*Description of the task:*
A verbatim copy of the lines from the one with "Lima bean, Phaseolus" through the final line below is required; print it and nothing else.

*Data extracts:*
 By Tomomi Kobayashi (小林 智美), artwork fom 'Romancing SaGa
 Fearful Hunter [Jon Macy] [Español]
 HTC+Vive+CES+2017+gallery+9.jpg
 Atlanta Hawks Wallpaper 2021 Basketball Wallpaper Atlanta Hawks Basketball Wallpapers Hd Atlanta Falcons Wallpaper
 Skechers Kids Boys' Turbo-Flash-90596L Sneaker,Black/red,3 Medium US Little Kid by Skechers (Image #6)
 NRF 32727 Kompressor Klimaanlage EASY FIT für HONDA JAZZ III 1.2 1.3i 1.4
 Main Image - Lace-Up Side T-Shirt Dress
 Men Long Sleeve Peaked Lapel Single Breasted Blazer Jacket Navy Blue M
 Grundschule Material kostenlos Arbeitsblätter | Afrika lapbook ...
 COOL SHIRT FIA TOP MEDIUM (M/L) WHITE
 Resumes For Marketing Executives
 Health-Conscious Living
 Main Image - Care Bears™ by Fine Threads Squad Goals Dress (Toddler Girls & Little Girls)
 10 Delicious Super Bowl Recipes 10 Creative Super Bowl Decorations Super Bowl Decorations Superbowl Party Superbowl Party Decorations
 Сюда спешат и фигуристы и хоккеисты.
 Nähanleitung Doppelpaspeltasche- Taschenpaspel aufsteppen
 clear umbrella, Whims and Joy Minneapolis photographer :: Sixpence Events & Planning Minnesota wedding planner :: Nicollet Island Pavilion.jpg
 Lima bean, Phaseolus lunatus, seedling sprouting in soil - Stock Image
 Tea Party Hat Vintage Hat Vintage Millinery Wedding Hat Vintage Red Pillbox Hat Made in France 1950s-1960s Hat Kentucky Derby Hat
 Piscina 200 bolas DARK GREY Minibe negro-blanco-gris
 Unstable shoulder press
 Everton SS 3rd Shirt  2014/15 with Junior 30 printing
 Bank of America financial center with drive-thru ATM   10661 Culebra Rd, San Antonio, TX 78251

*Answer to this problem:*
 Lima bean, Phaseolus lunatus, seedling sprouting in soil - Stock Image
 Tea Party Hat Vintage Hat Vintage Millinery Wedding Hat Vintage Red Pillbox Hat Made in France 1950s-1960s Hat Kentucky Derby Hat
 Piscina 200 bolas DARK GREY Minibe negro-blanco-gris
 Unstable shoulder press
 Everton SS 3rd Shirt  2014/15 with Junior 30 printing
 Bank of America financial center with drive-thru ATM   10661 Culebra Rd, San Antonio, TX 78251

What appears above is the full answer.